-
Notifications
You must be signed in to change notification settings - Fork 194
Description
When I launch KASM container with sysbox with a GPU by sharing --device=/dev/dri/renderD128, sysbox-fs logs go crazy and it goes high CPU usage. I enabled logs and I see this
time="2024-06-01 03:05:54" level=debug msg="Received umount syscall from pid 1098145"
time="2024-06-01 03:05:54" level=debug msg="target: /run/systemd/mount-rootfs/sys/devices/virtual, flags: 0x8, root: /, cwd: /"
time="2024-06-01 03:05:54" level=debug msg="Ignoring unmount of sysbox-fs managed submount at /run/systemd/mount-rootfs/sys/devices/virtual"
time="2024-06-01 03:05:54" level=debug msg="Received umount syscall from pid 1098145"
time="2024-06-01 03:05:54" level=debug msg="target: /run/systemd/mount-rootfs/sys, flags: 0x8, root: /, cwd: /"
time="2024-06-01 03:05:54" level=debug msg="Received umount syscall from pid 1098145"
time="2024-06-01 03:05:54" level=debug msg="target: /run/systemd/mount-rootfs/sys/devices/virtual, flags: 0x8, root: /, cwd: /"
time="2024-06-01 03:05:54" level=debug msg="Ignoring unmount of sysbox-fs managed submount at /run/systemd/mount-rootfs/sys/devices/virtual"
If I restart sysbox-fs service, this issue goes away temporarily on deployed containers (unable to docker exec the running containers afterwards), but if I deploy a new container, this issue again starts while sharing devices or somewhere else (?).
Any reason what causes the infinite loop of /run/systemd/mount-rootfs/sys/devices/virtual unmount call that goes away when sysbox-fs is restarted?
Log File: sysbox-fs.log
(After some researching...)
I can see a lot of "Received umount syscall from pid 1092497" for different targets, and they seem to go perfectly. I just searched for the first occurrence of umount in the log file, tracing every umount call.
time="2024-06-01 02:57:40" level=debug msg="Received umount syscall from pid 1092497"
time="2024-06-01 02:57:40" level=debug msg="target: /sys/fs/cgroup/unified, flags: 0x8, root: /, cwd: /var/labsdata"
time="2024-06-01 02:57:40" level=debug msg="Received mount syscall from pid 1092497"
time="2024-06-01 02:57:40" level=debug msg="source: cgroup2, target: /sys/fs/cgroup/unified, fstype: cgroup2, flags: 0xe, data: , root: /, cwd: /var/labsdata"
time="2024-06-01 02:57:40" level=debug msg="Received umount syscall from pid 1092497"
time="2024-06-01 02:57:40" level=debug msg="target: /sys/fs/cgroup/unified, flags: 0x8, root: /, cwd: /var/labsdata"

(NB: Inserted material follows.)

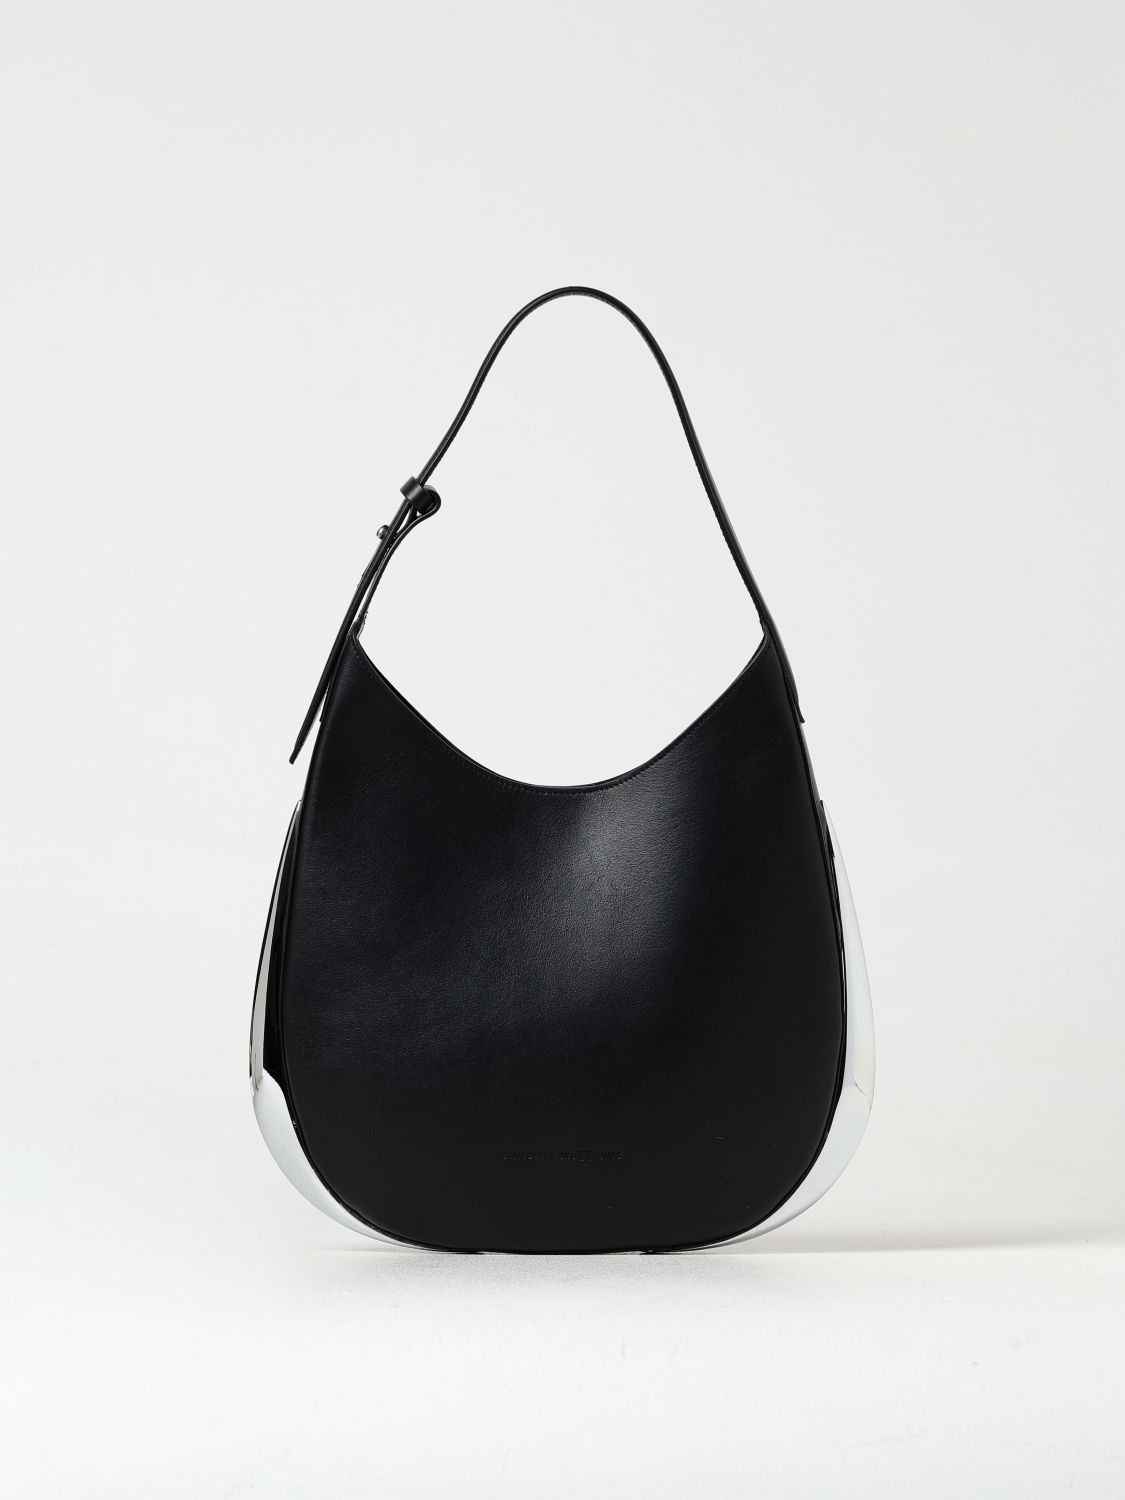 Benedetta Bruzziches Handbag BENEDETTA BRUZZICHES Woman color Black
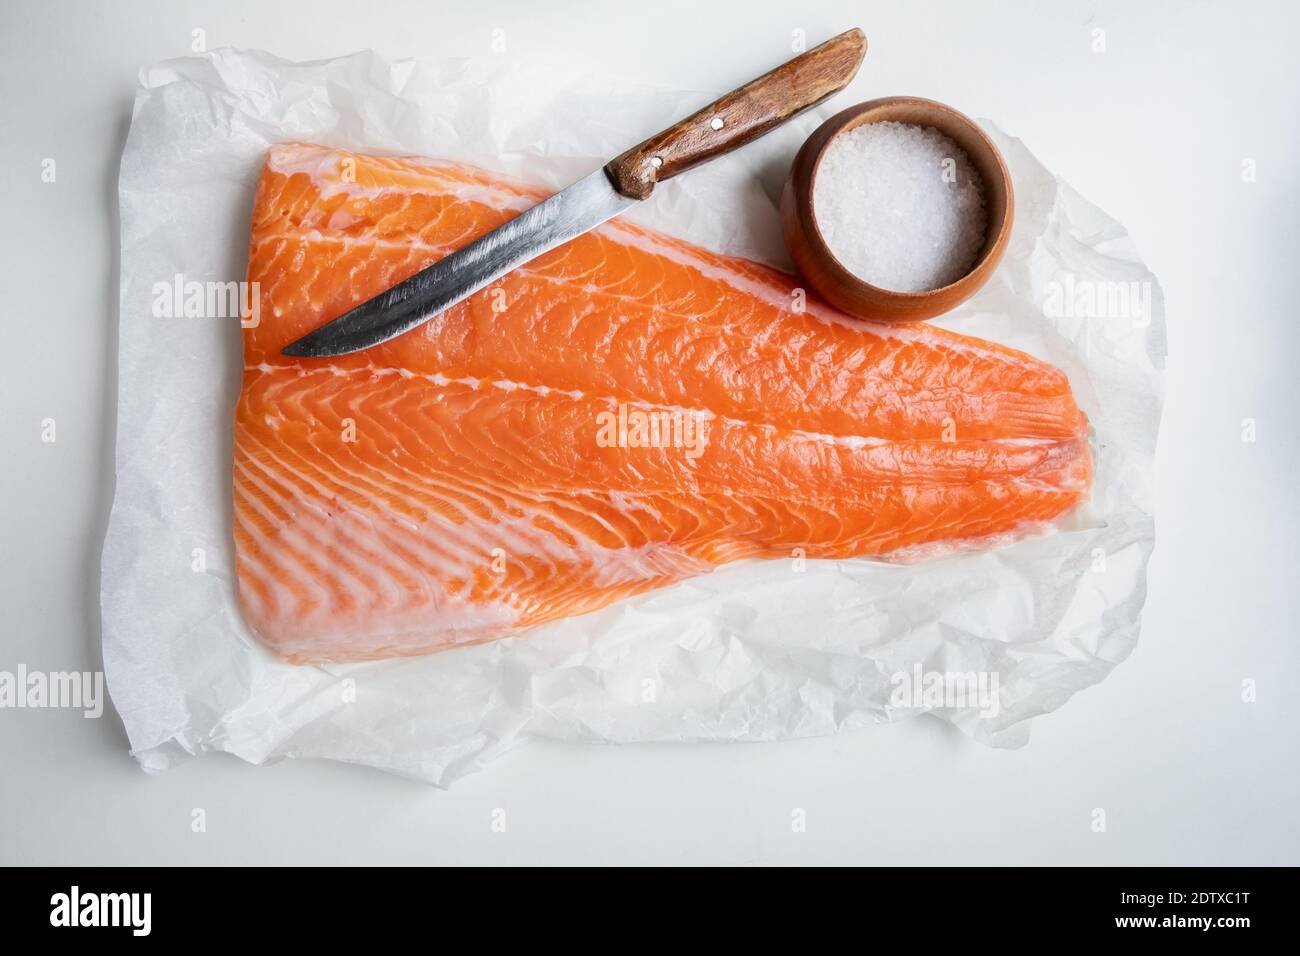 Filetto di salmone su tavola di legno con coltello e sale. Fotografia alimentare Foto Stock

From line 7379 of log file we can see the first occurance of umount call to /run/systemd/mount-rootfs/sys/devices/virtual that gets ignored, and from then on its just an infinite loop, for every container I deploy with a device, this just adds up and the log file is full of this messages, I have to turn off the debug log else its consuming lotta storage. This just don't stop, only if I pass the --device=/dev/dri/renderD128, and with the little knowledge I have, I am able to understand this infinite umount calls should be related to this device I passed, somehow causing an infinite loop.
time="2024-06-01 02:58:30" level=debug msg="Received umount syscall from pid 1098145"
time="2024-06-01 02:58:30" level=debug msg="target: /run/systemd/mount-rootfs/sys/devices/virtual, flags: 0x8, root: /, cwd: /"
time="2024-06-01 02:58:30" level=debug msg="Requested ReadDirAll() on directory /sys/kernel/mm/hugepages (req ID=0x1454)"
time="2024-06-01 02:58:30" level=debug msg="Executing ReadDirAll() for req-id: 0x1454, handler: SysKernel, resource: hugepages"
time="2024-06-01 02:58:30" level=debug msg="Ignoring unmount of sysbox-fs managed submount at /run/systemd/mount-rootfs/sys/devices/virtual"
I went through the code located at https://github.com/nestybox/sysbox-fs/blob/master/nsenter/utils.go - this file has a potential possibility to go on a cleanup loop that could repeatedly send unmount calls, that later gets ignored by seccomp, as shown in the log, from here: https://github.com/nestybox/sysbox-fs/blob/4c2bc153f33af1bd30a227a14ecfc8174ff280d5/seccomp/umount.go#L128
Can we skip these devices from unmounting that are for sure going to get ignored by seccomp thus saving lot of CPU? Is my understanding of whats going on is correct? If so, how to solve this issue?